Using The Bundled Script

Create and download a text-to-video clip:

OPENAI_API_KEY=... \
python3 .claude/skills/sora-2/scripts/sora_video_generate.py \
  --prompt "A brass astrolabe turns slowly on a captain's desk by lantern light." \
  --out-dir tmp/sora-clip --size 1280x720 --seconds 4

Create and download an image-guided clip:

OPENAI_API_KEY=... \
python3 .claude/skills/sora-2/scripts/sora_video_generate.py \
  --prompt "Animate this pixel-art pirate into a short run cycle while preserving the exact character style from the source image." \
  --image-file ./pirate-anchor-canvas-720x1280.png \
  --out-dir tmp/sora-clip --size 720x1280 --seconds 4

Useful flags:

--image-url https://...
--image-file ./local-reference.png
--poll-interval 10
--timeout 900
--no-wait
--no-download
--filename-prefix shot-01

The script calls POST /v1/videos, polls GET /v1/videos/{id}, and downloads the file from GET /v1/videos/{id}/content.

Anti-Patterns To Avoid

❌ Anti-pattern: prompting with cinematic synonyms instead of scene logic Why bad: the model gets atmosphere but weak action and continuity. Better: specify subject, environment, action, camera, duration, and exclusions.

❌ Anti-pattern: treating create response as final output Why bad: video generation is asynchronous. Better: poll until completion and download the finished file.

❌ Anti-pattern: under-specifying the camera Why bad: the clip may invent movement or framing that breaks the intent. Better: say whether the camera is locked, tracking, pushing in, or static.

❌ Anti-pattern: overloading one short clip with too many story beats Why bad: 5-20 second clips cannot carry a whole trailer worth of events cleanly. Better: focus each clip on one shot or a short, ordered beat sequence.

❌ Anti-pattern: vague image-guided edits Why bad: the model may drift identity, style, or composition. Better: say what the reference image contributes and what should remain unchanged.

❌ Anti-pattern: assuming still-image continuity transfers automatically Why bad: a clip can keep the scene idea while redesigning the subject. Better: treat identity preservation as an explicit requirement and don't assume the model will infer it from a loose reference.

❌ Anti-pattern: using a tiny sprite as the only identity signal on a huge canvas Why bad: the model gets too little information about the real character. Better: use a larger, size-matched reference canvas with enough padding for motion, but keep the subject prominent.

❌ Anti-pattern: shipping the raw Sora frames as the final game animation Why bad: the clip may contain repeated cycles, soft transitional poses, or drifting registration.
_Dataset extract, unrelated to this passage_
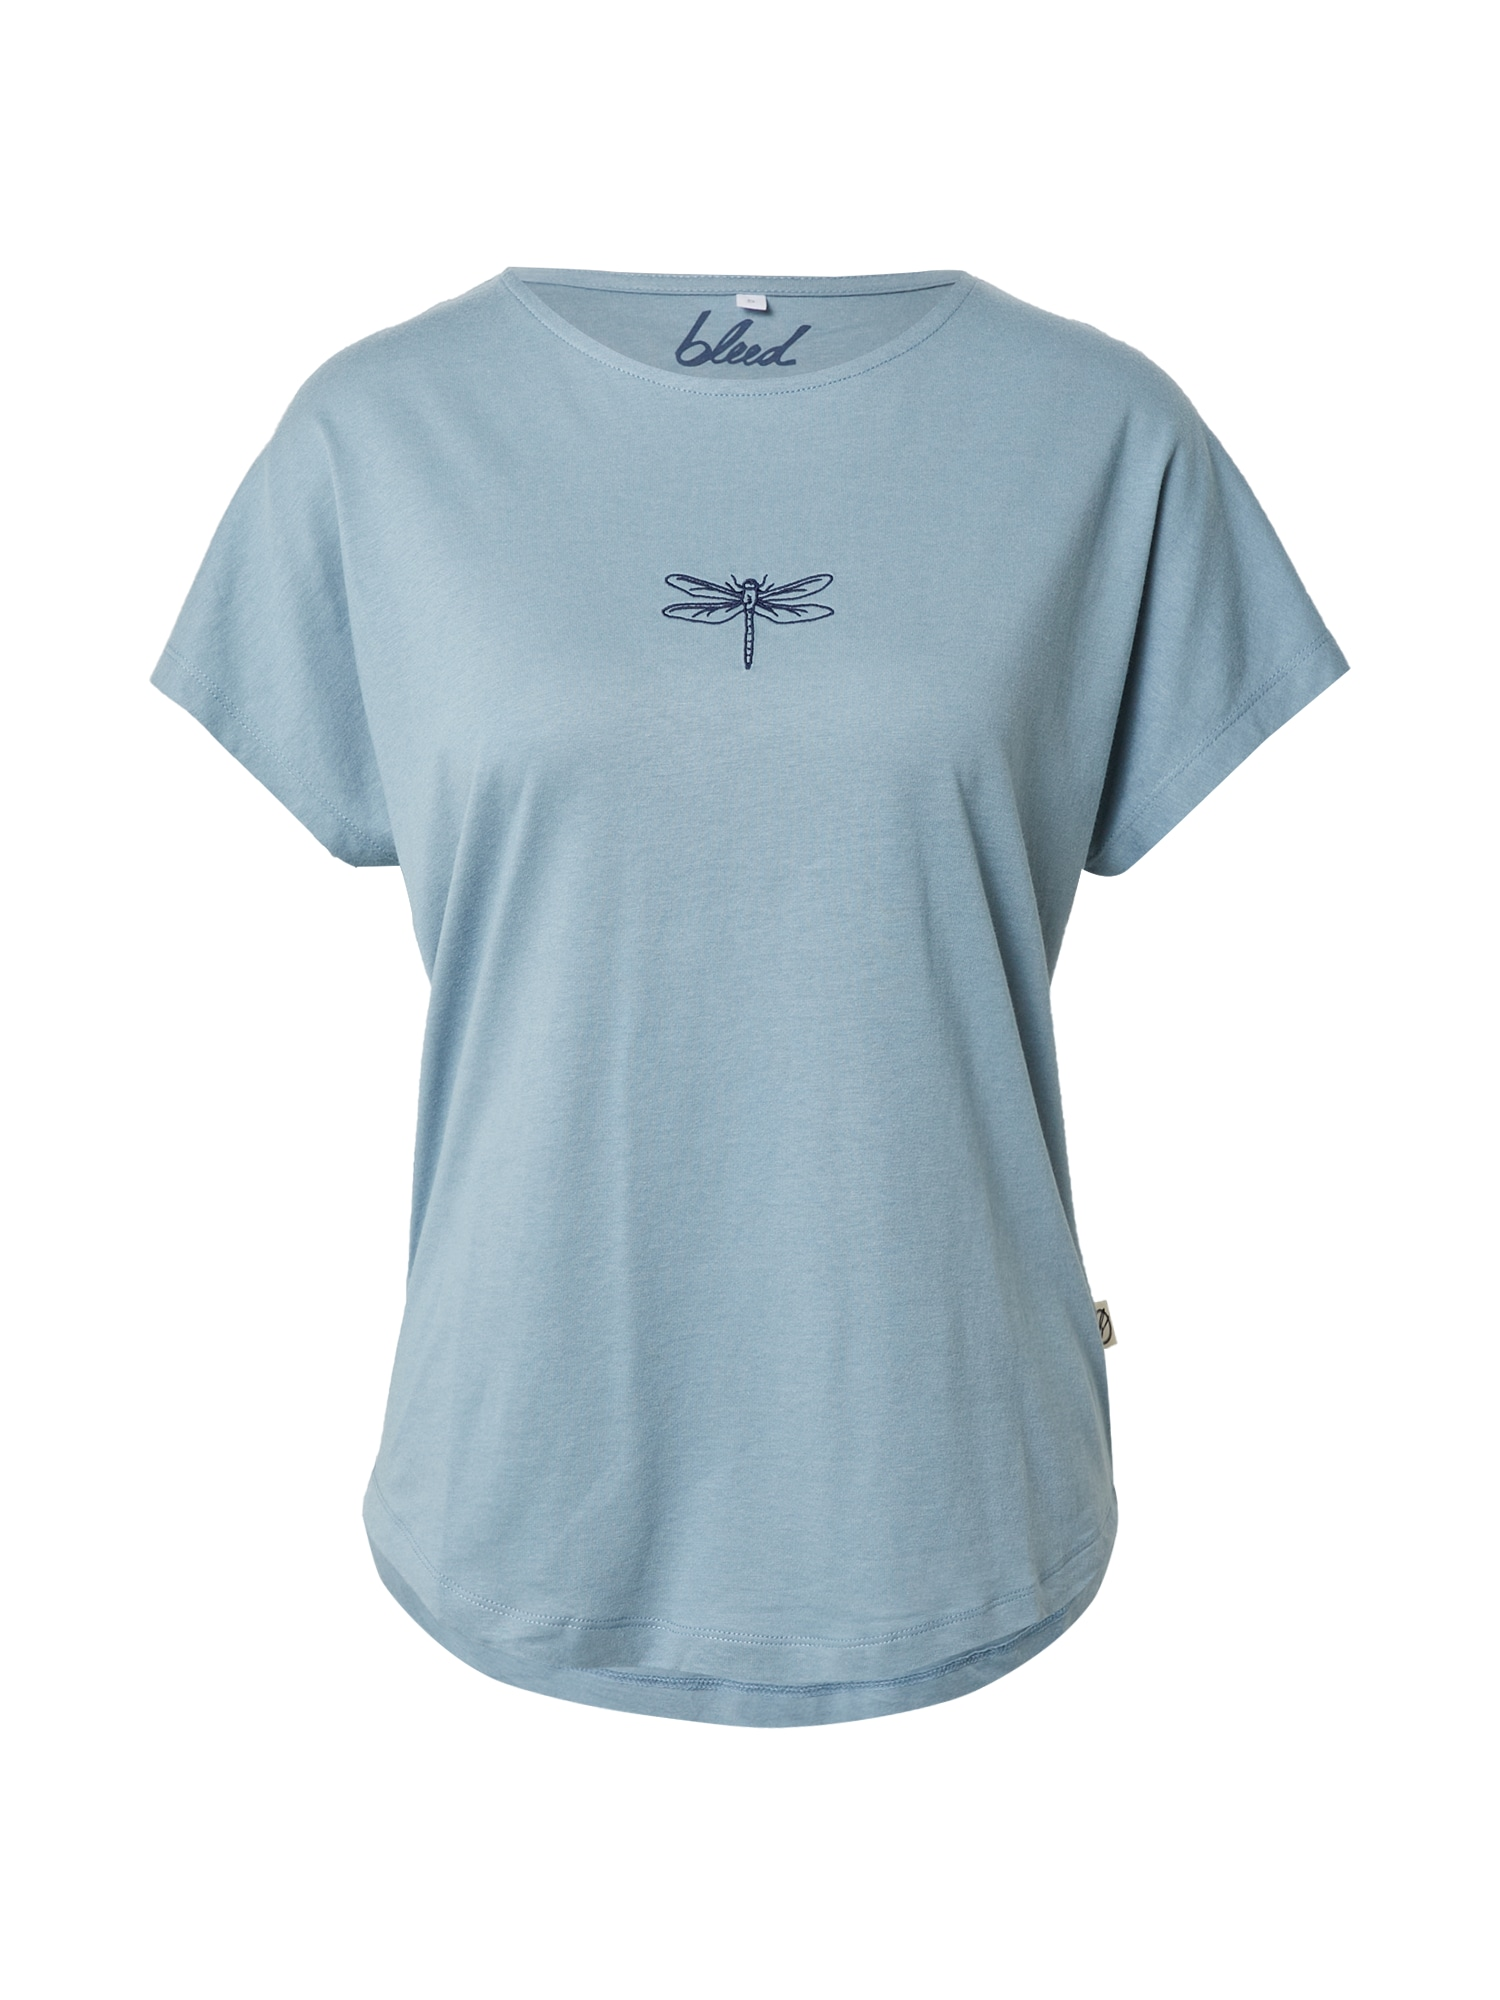 bleed clothing Marškinėliai mėlyna dūmų spalva / tamsiai mėlyna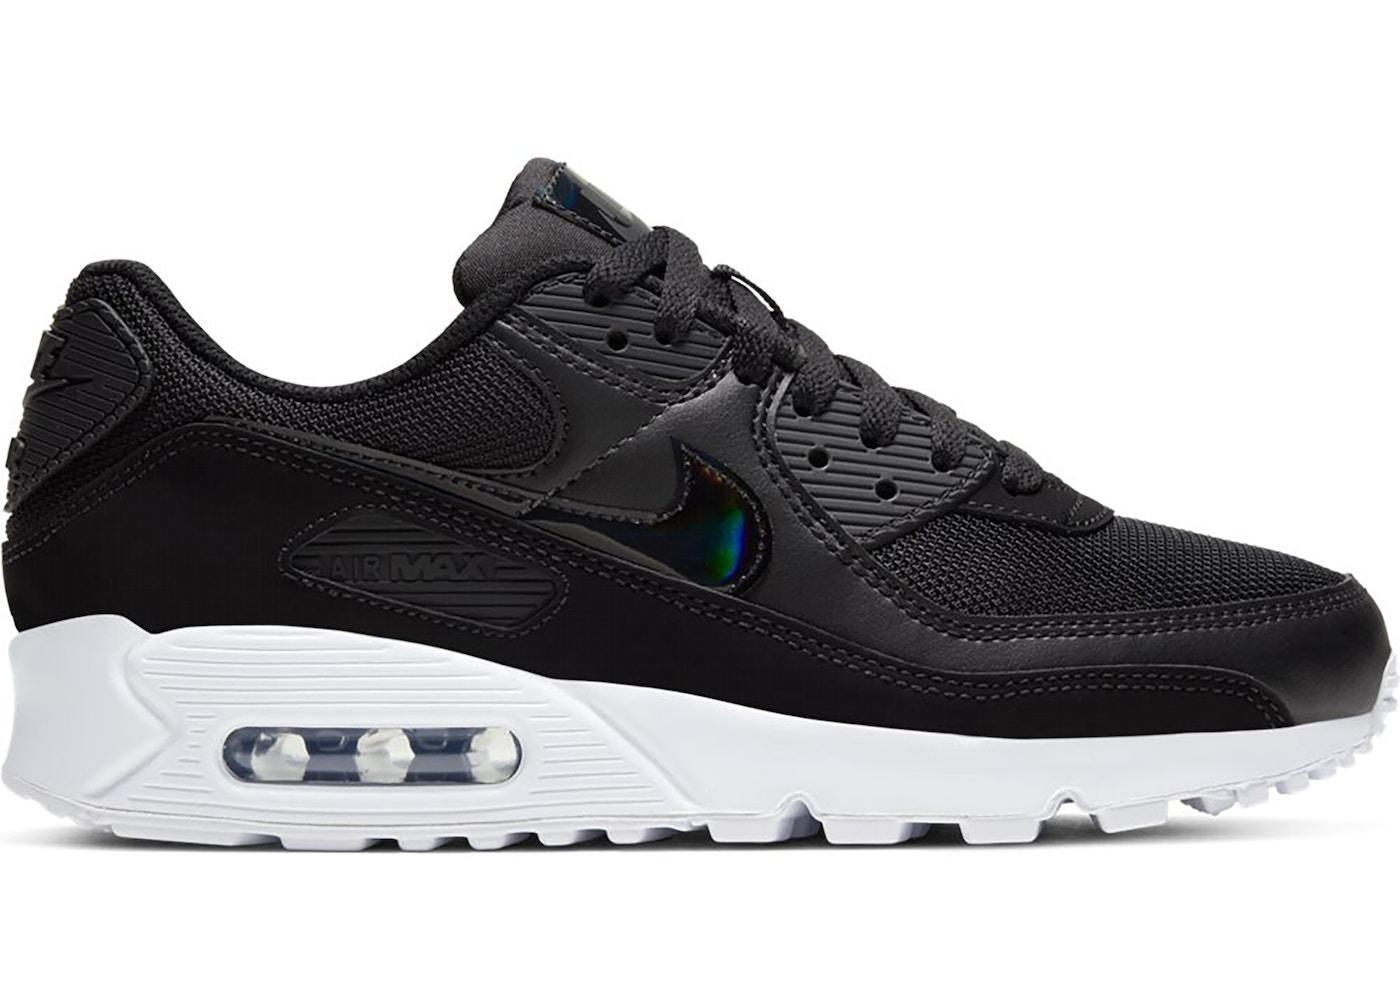 Nike Air Max 90 Twist Black White Black (W)

Better: use Sora to generate motion reference, then normalize and curate a single runtime loop afterward.

Variation Guidance

IMPORTANT: Do not converge on one house-video pattern for every request.

Vary prompts by clip type: product demo, motion study, character shot, landscape plate, or cinematic concept.
Vary camera language by the brief: locked gameplay-style shot, handheld-feel motion, clean product orbit, or static portrait.
Vary prompt density based on the goal: sparse for exploratory motion tests, more specific for continuity-critical shots.
Prefer context-fit over ornamental "cinematic" wording.

References

API/model notes: references/openai-sora-2.md
Runnable generator: scripts/sora_video_generate.py
OpenAI Sora 2 prompting guide: https://developers.openai.com/cookbook/examples/sora/sora2_prompting_guide/
OpenAI Sora 2 model page: https://developers.openai.com/api/docs/models/sora-2

Remember

This skill should make video generation operational, not theoretical, and should enable real video jobs instead of hypothetical workflow talk.

Turn the request into a concrete shot, choose the duration and size intentionally, create the job, wait for completion, download the result, and report the real output path back to the user.